Medicare is a federal program that is administered by the federal government that covers individuals age 65 and over or that are disabled as well as those with certain health conditions. Medicare Part B generally covers drugs that must be administered by physicians or other health care practitioners; among others. Medicare Part B generally pays for such drugs under a payment methodology based on the average sales price of the drugs. Manufacturers are required to report average sales price information to CMS on a quarterly basis. The manufacturer-submitted information is used by CMS to calculate Medicare payment rates. Effective January 1, 2023, manufacturers will be obligated to pay refunds to Medicare for single source drugs or biologicals, or biosimilar biological products, reimbursed under Medicare Part B and packaged in single-dose containers or single-use packages, for units of discarded drug reimbursed by Medicare Part B in excess of 10 percent of total allowed charges under Medicare Part B for that drug. Manufacturers that fail to pay refunds could be subject to civil monetary penalties of 125 percent of the refund amount. Further, starting in January 2023, the Inflation Reduction Act of 2022 (“IRA”) establishes a Medicare Part B inflation rebate scheme, under which, generally speaking, manufacturers will owe rebates if the average sales price of a Part B drug increases faster than the pace of inflation. Failure to timely pay a Part B inflation rebate is subject to a civil monetary penalty.

Medicare Part D generally provides coverage to enrolled Medicare patients for self-administered drugs (i.e., drugs that are not administered by a physician). Medicare Part D is administered by private prescription drug plans approved by the U.S. government and, subject to detailed program rules and government oversight, each drug plan establishes its own Medicare Part D formulary for prescription drug coverage and pricing, which the drug plan may modify from time to time. The prescription drug plans negotiate pricing with manufacturers and pharmacies, and may condition formulary placement on the availability of manufacturer discounts. In addition, under the coverage gap discount program, manufacturers are required to provide a 70% discount on brand name prescription drugs utilized by Medicare Part D beneficiaries when those beneficiaries are in the coverage gap phase of the Part D benefit design. Civil monetary penalties could be due if a manufacturer were to fail to offer discounts under the coverage gap discount program. The IRA sunsets the coverage gap discount program starting in 2025 and replaces it with a new manufacturer discount program. Failure to pay a discount under this new program will be subject to a civil monetary penalty. In addition, starting in October 2022, the IRA established a Medicare Part D inflation rebate scheme, under which, generally speaking, manufacturers will owe additional rebates if the average manufacturer price of a Part D drug increases faster than the pace of inflation. Failure to timely pay a Part D inflation rebate is subject to a civil monetary penalty.

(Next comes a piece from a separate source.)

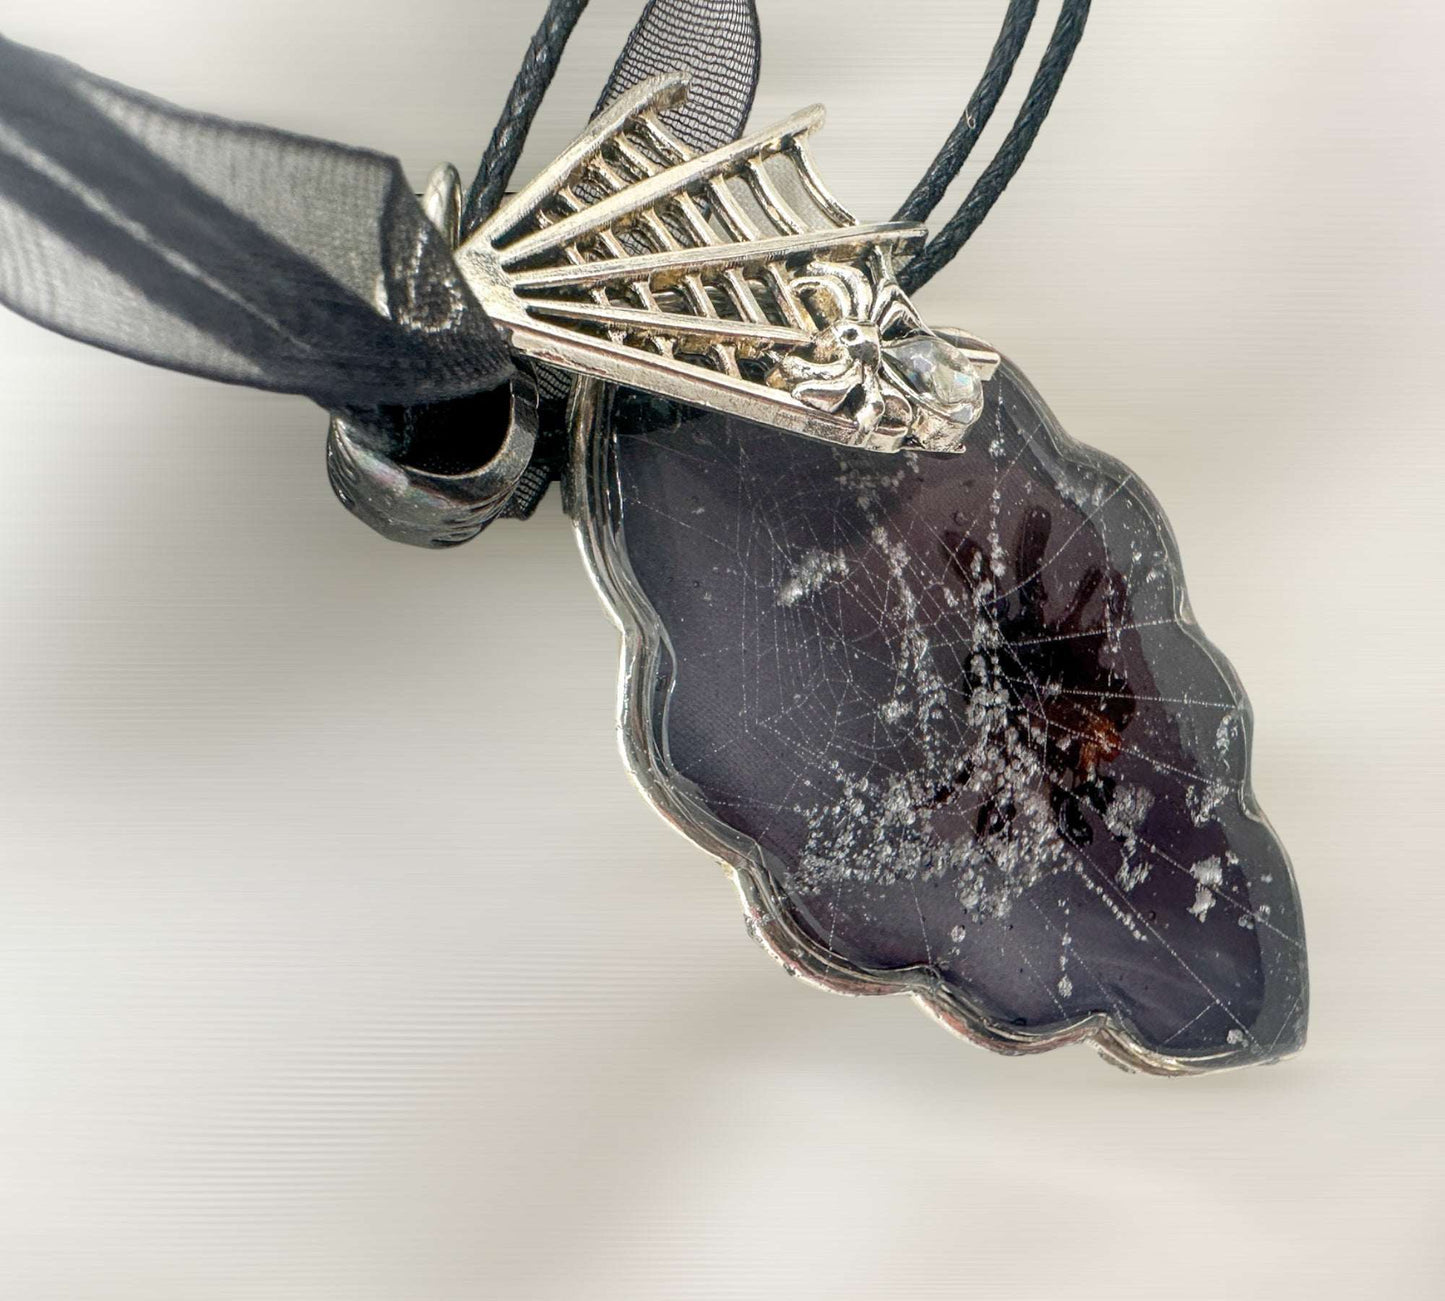 Spiderweb Nature-inspired Necklace- Nature's Beauty on Display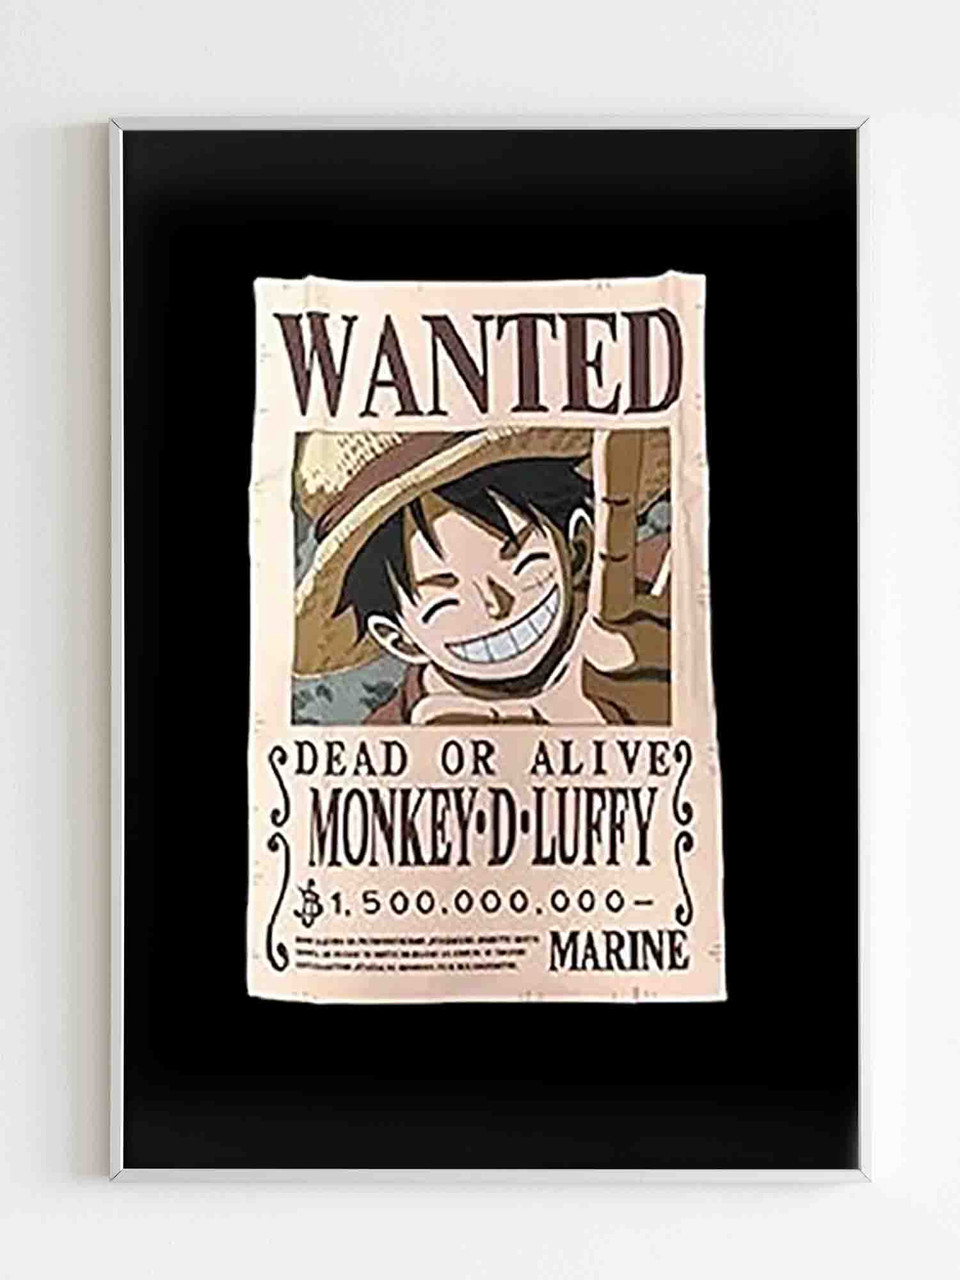 https://cdn11.bigcommerce.com/s-fbh9rcmv2i/images/stencil/1280x1280/products/179974/209757/One_Piece_Luffy_Bounty__93101.1664433919.jpg?c=1

The IRA also creates a drug price negotiation program under which the prices for Medicare units of certain high Medicare spend drugs and biologicals without generic or biosimilar competition will be capped by reference to, among other things, a specified non-federal average manufacturer price starting in 2026. Failure to comply with requirements under the drug price negotiation program is subject to an excise tax and/or a civil monetary penalty. This or any other legislative change could impact the market conditions for our product candidates.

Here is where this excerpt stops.